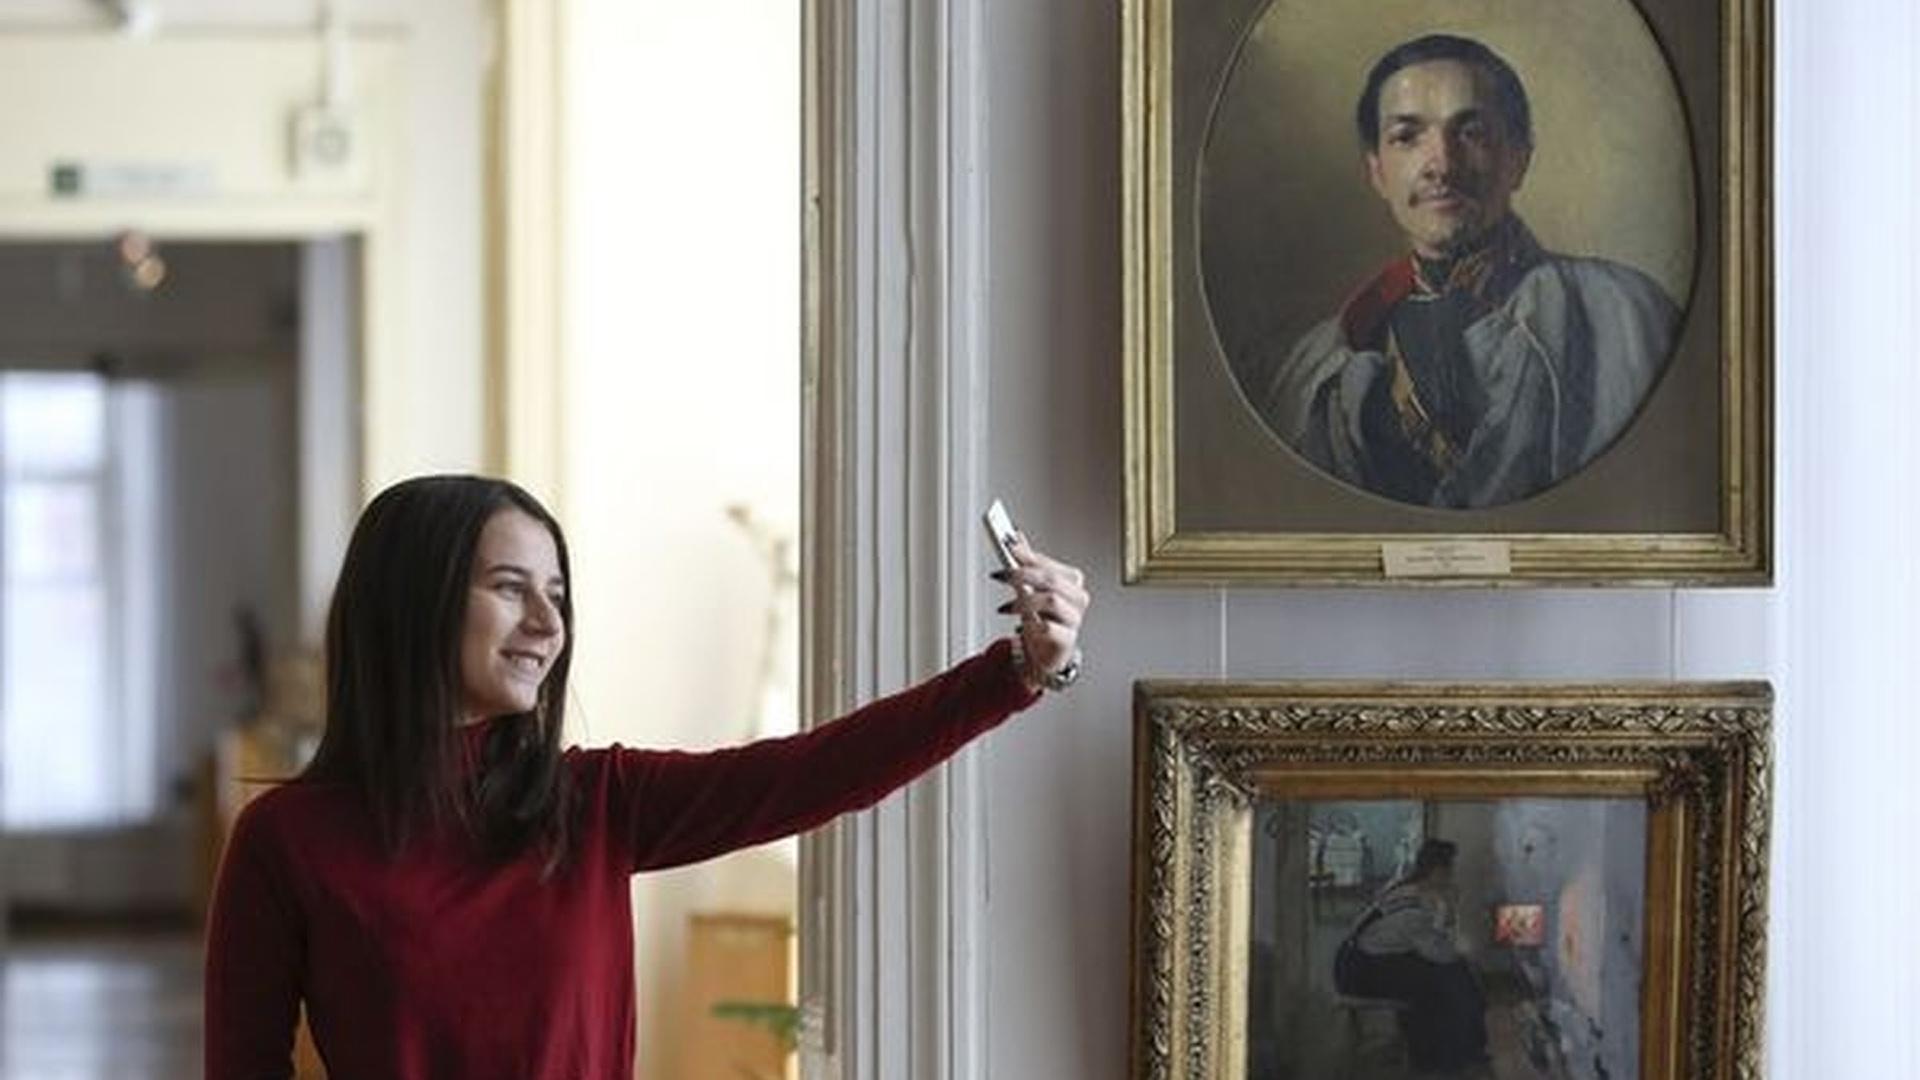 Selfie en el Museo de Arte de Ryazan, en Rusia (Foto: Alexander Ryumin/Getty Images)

--

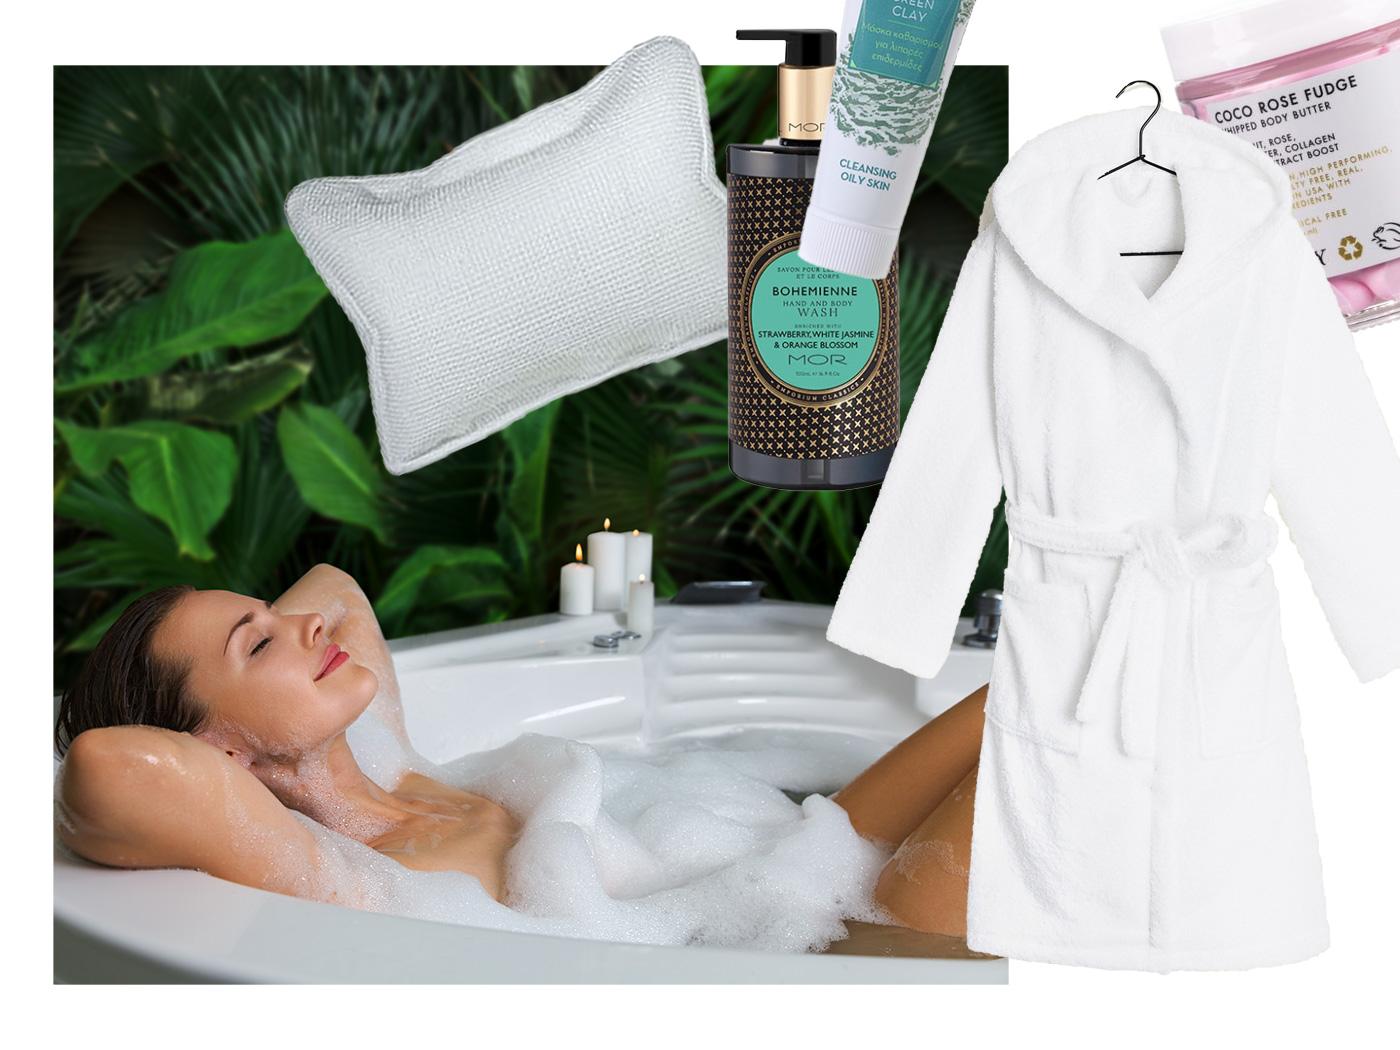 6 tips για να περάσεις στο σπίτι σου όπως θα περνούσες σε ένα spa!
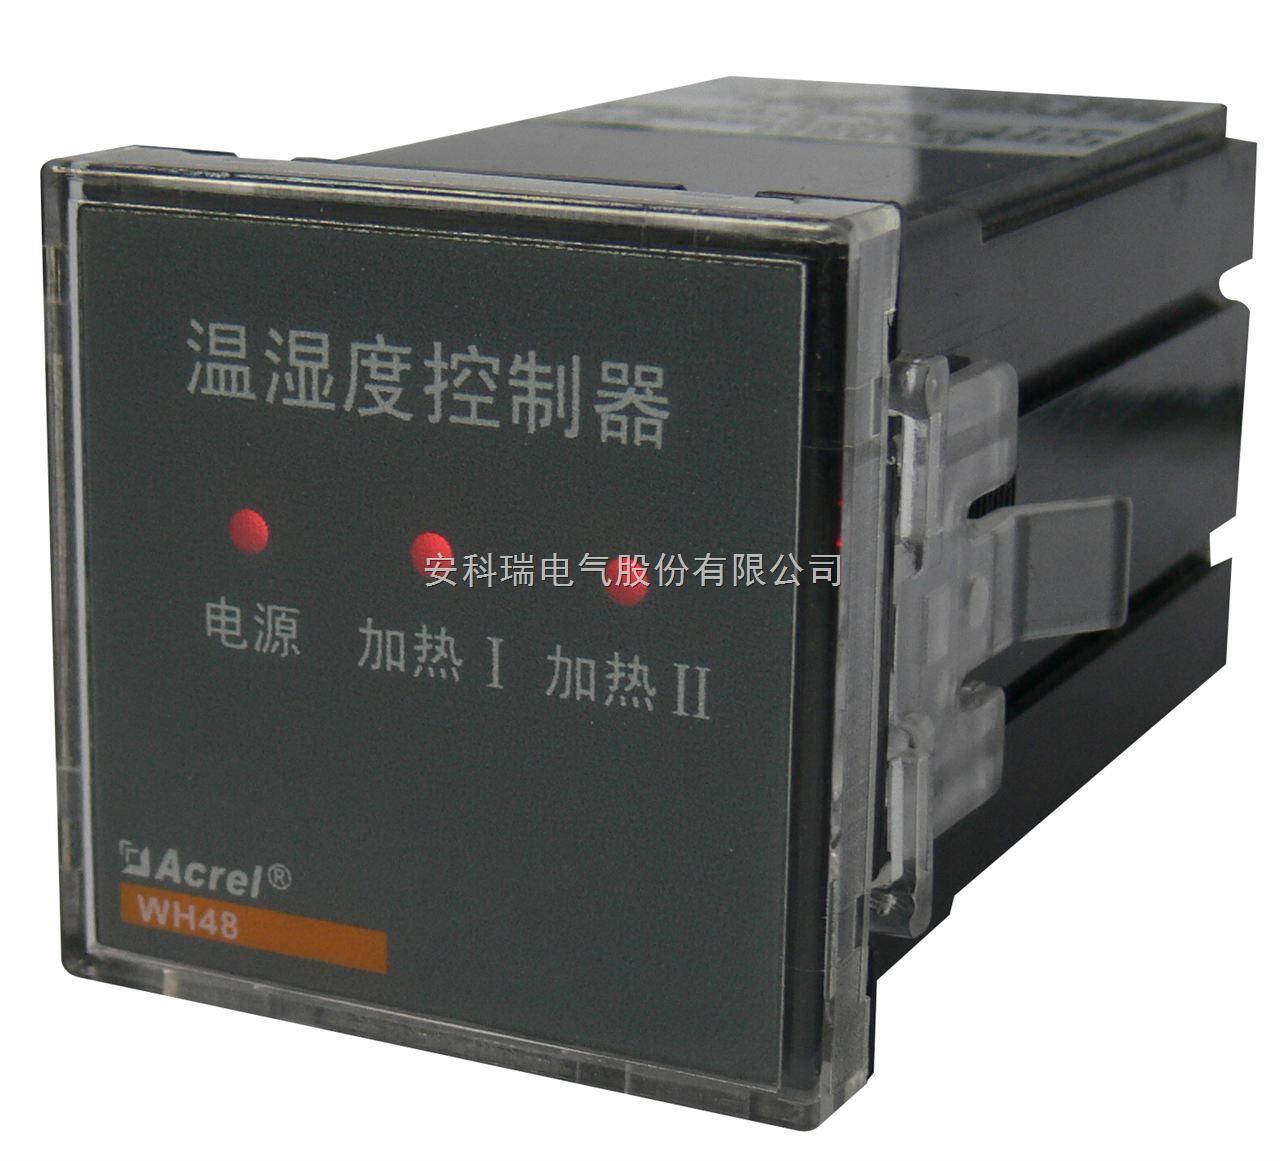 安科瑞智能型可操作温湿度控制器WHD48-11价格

• **EXERCISE**
In the listing above, find the line with "6 tips για να" and the line with "安科瑞智能型可操作温湿度控制器WHD48-11价格". Copy both of them and every line between, exactly, but not the pictures.

• **EXERCISE ANSWER**
 6 tips για να περάσεις στο σπίτι σου όπως θα περνούσες σε ένα spa!
 安科瑞智能型可操作温湿度控制器WHD48-11价格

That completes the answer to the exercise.